NLM DIR Seminar Schedule

UPCOMING SEMINARS

RECENT SEMINARS

Scheduled Seminars on Jan. 13, 2026

Speaker
Qiao Jin
PI/Lab
Zhiyong Lu
Time
11 a.m.
Presentation Title
Language Modeling for Medical Calculations
Location
Hybrid
In-person: Building 38A/B2N14 NCBI Library or Meeting Link

Contact NLMDIRSeminarScheduling@mail.nih.gov with questions about this seminar.

Abstract:

Medical calculators are evidence-based tools that can provide quantitative decision support in disease diagnosis, risk stratification, treatment planning, and prognosis prediction. While large language models (LLMs) have shown state-of-the-art performance in medical question answering and clinical trial matching, their capabilities for medical calculation remain unclear. To address this, we first present benchmarks for evaluating the capabilities of LLMs for medical calculator recommendation (MedQA-Calc, AMIA 2025) and usage (MedCalc-Bench, NeurIPS 2024). We found that off-the-shelf LLMs do not possess sufficient knowledge of medical calculators and are prone to various calculation errors.
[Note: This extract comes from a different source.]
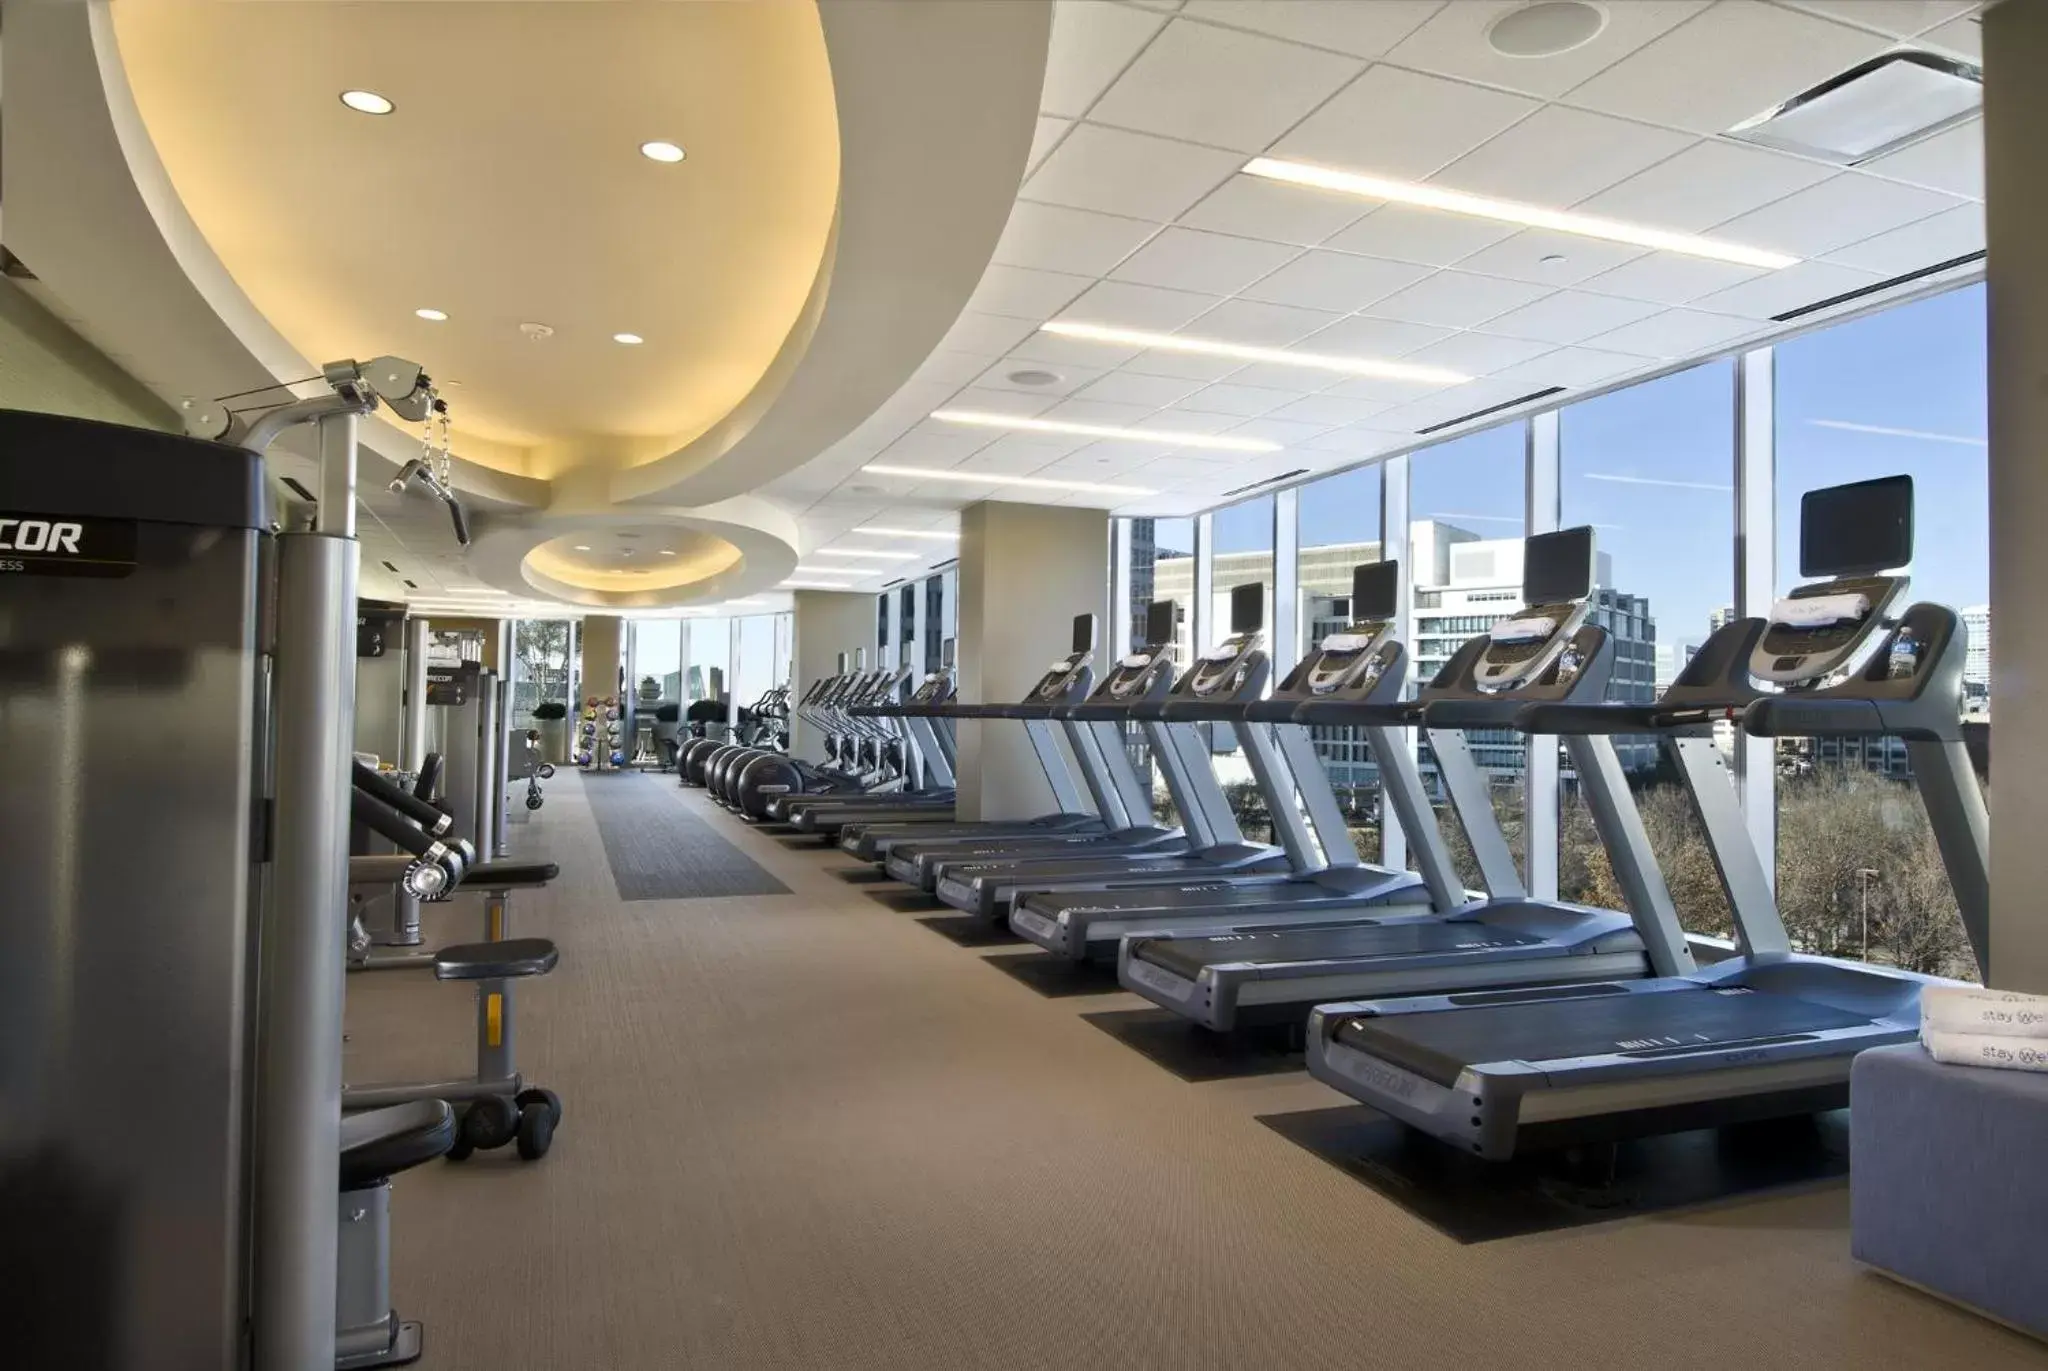 Fitness centre/facilities, Fitness Center/Facilities in Omni Dallas Hotel

To bridge this gap, we introduced AgentMD (Nat Commun 2025), an AI agent capable of curating and applying medical calculators. Using the medical literature, AgentMD curates over 2,000 medical calculators, achieving over 85% accuracy on expert quality checks and over 90% pass rates on unit testing. Augmented by these self-curated calculators and a code executor, AgentMD substantially surpasses off-the-shelf GPT-4 on risk prediction. Results on 698 real-world emergency department notes confirm that AgentMD accurately computes medical risks at the individual level. Moreover, AgentMD can provide population-level insights for institutional risk management. In summary, our trilogy work presents first-of-its-kind benchmarks and methodologies in language modeling for medical calculations, laying the research foundations in this field.